Síntesis de Reflexiones de Francisco en Cuba

“Desde hace varios meses, estamos siendo testigos de un acontecimiento que nos llena de esperanza: el proceso de normalización de las relaciones entre dos pueblos, tras años de distanciamiento... Es un signo de la victoria de la cultura del encuentro, del diálogo, del «sistema del acrecentamiento universal... por sobre el sistema, muerto para siempre, de dinastía y de grupos» (José Martí, ibíd.). Animo a los responsables políticos a continuar avanzando por este camino y a desarrollar todas sus potencialidades, como prueba del alto servicio que están llamados a prestar en favor de la paz y el bienestar de sus pueblos y de toda América, y como ejemplo de reconciliación para el mundo entero. El mundo necesita reconciliación en esta atmósfera de tercera guerra mundial por etapas que estamos viviendo”. En el aeropuerto de La Habana. 19 de septiembre de 2015 (ZENIT.org)
“¡Cuántas religiosas y religiosos queman y repito el verbo, queman su vida acariciando material de descarte!.  Gracias por lo que haces y en vos gracias a todas estas mujeres y a tantas mujeres consagradas al servicio de lo inútil porque no se puede hacer ninguna empresa, no se puede ganar plata, no se llevar adelante absolutamente nada constructivo, entre comillas con esos hermanos nuestros, con los menores, con los más pequeños. Ahí resplandece Jesús y ahí resplandece mi opción por Jesús. Gracias a vos, y a todos los consagrados y consagradas que hacen esto”. “Pero hay  un lugar privilegiado para el sacerdote donde aparece ese último, ese mínimo, el más pequeño, y es el confesionario. Y ahí, cuando ese hombre o esa mujer te muestra su miseria, ojo que es la misma que tienes vos y que Dios te salvó ¿eh? de no llegar hasta ahí. Cuando te muestra su miseria, por favor, no lo retes, no la retes, no lo castigues, si no tienes pecado tira la primera piedra. Pero solamente con esa condición. Si no piensa en tus pecados y piensa que vos puede ser esa persona, y piensa que vos potencialmente puedes llegar más bajo todavía y piensa que vos en ese momento tienes un tesoro en las manos que es la misericordia del Padre. Por favor, a los sacerdotes, no se cansen de perdonar. Sean perdonadores. No se cansen de perdonar como lo hacía Jesús”. Catedral Inmaculada Concepción y San Cristóbal de La Habana. 20 de septiembre de 2015 (ZENIT.org)

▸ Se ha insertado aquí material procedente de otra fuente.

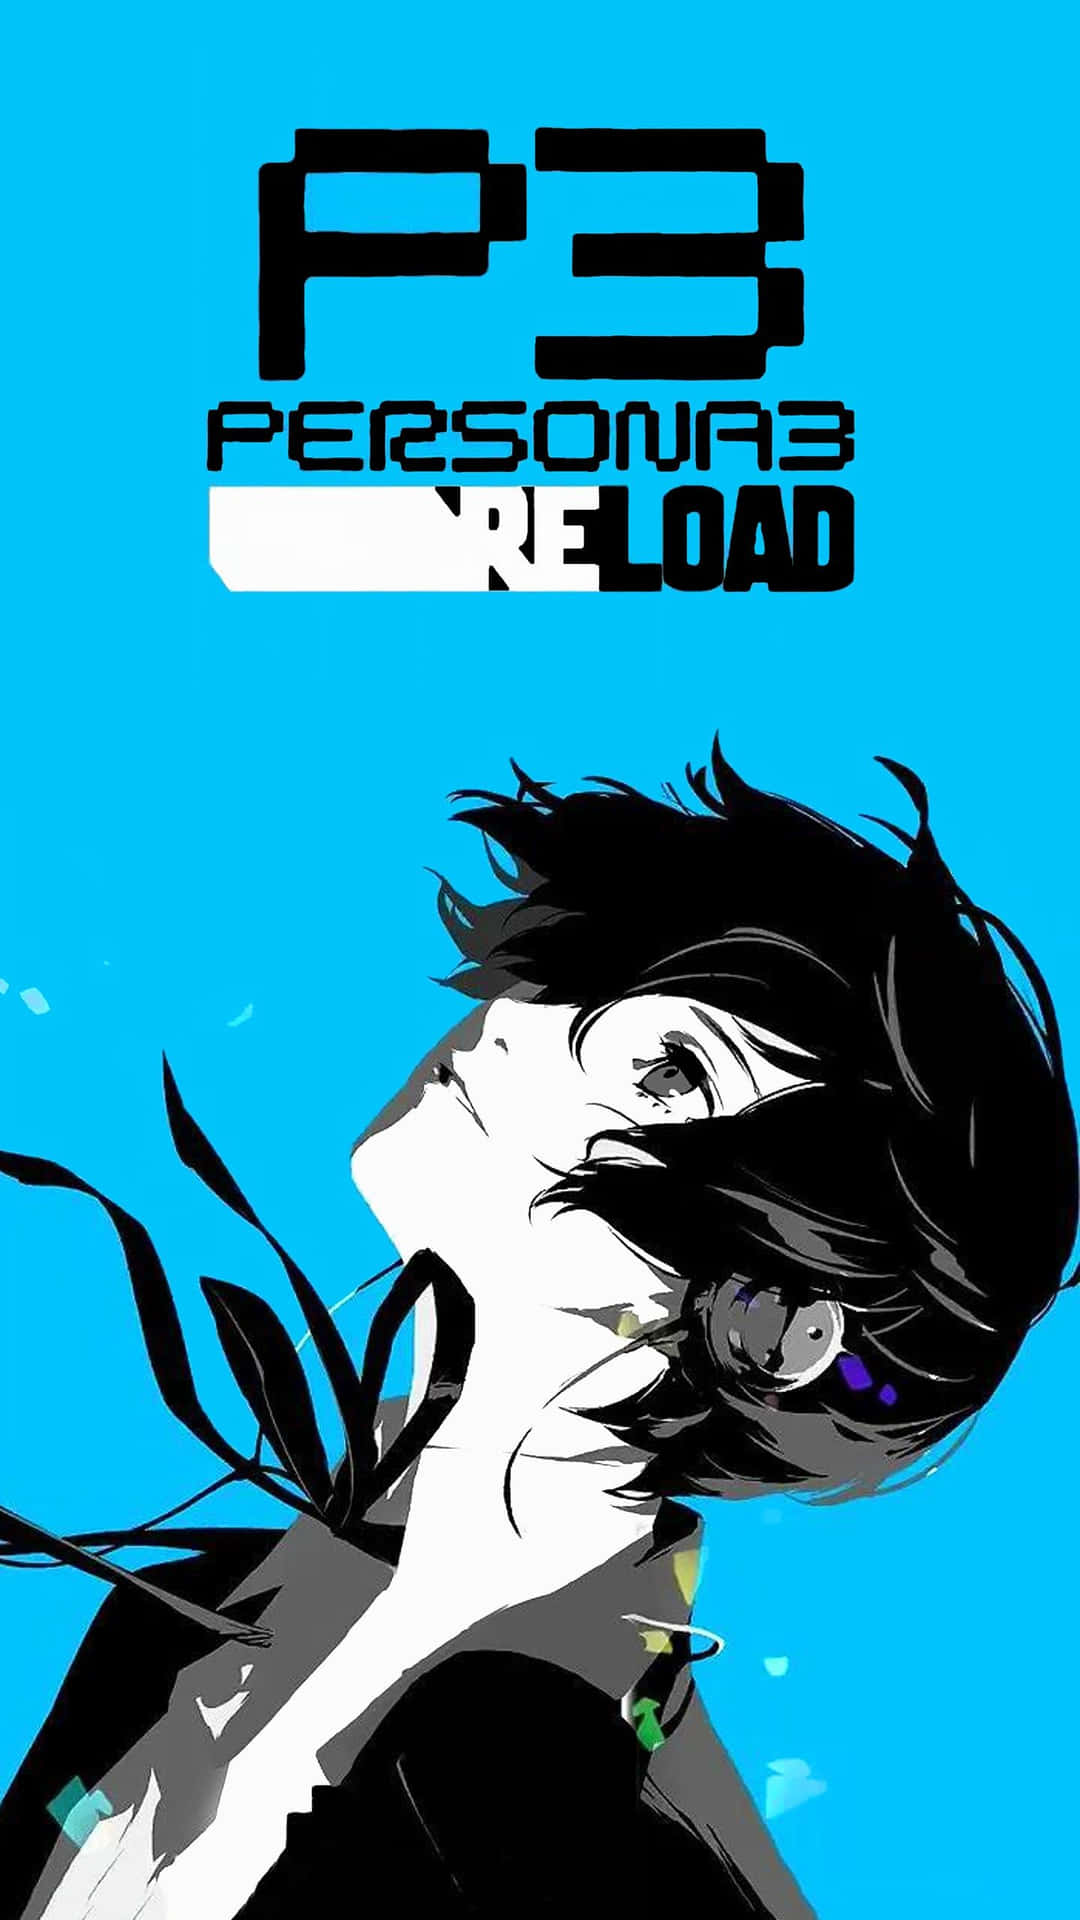 Persona3 Reload Anime Style Artwork Wallpaper

“Una palabra que cayó fuerte: “soñar”. Un escritor latinoamericano decía que las personas tenemos dos ojos: uno de carne y otro de vidrio. Con el ojo de carne vemos lo que miramos, con el ojo de vidrio vemos lo que soñamos. Esta lindo, ¿eh? En la objetividad de la vida tiene que entrar la capacidad de soñar. Y un joven que no es capaz de soñar está clausurado en sí mismo, está encerrado en sí mismo. Claro, uno a veces sueña cosas que nunca van a suceder. Pues soñalas, deséalas, busca horizontes, abrite, abrite a cosas grandes. No sé si en Cuba se usa la palabra, pero los argentinos decimos: “No te arrugues”, ¿eh? No te arrugues, abrite, abrite y soñá. Soñá que el mundo con vos puede ser distinto. Soñá que si vos ponés lo mejor de vos, vas a ayudar a que ese mundo sea distinto”. “Todos eran distintos, pero todos estaban trabajando en común, por el bien común. Eso se llama amistad social: buscar el bien común. La enemistad social destruye. Y una familia se destruye por la enemistad, un país se destruye por la enemistad, el mundo se destruye por la enemistad. Y la enemistad más grande es la guerra. Y hoy día vemos que el mundo se está destruyendo por la guerra, porque son incapaces de sentarse y hablar. Bueno, negociemos. ¿Qué podemos hacer en común? ¿En qué cosas no vamos a ceder? Pero no matemos más gente. Cuando hay división hay muerte, hay muerte en el alma, porque estamos matando la capacidad de unir. Estamos matando la amistad social. Y eso es lo que yo les pido a ustedes hoy: sean capaces de crear la amistad social”.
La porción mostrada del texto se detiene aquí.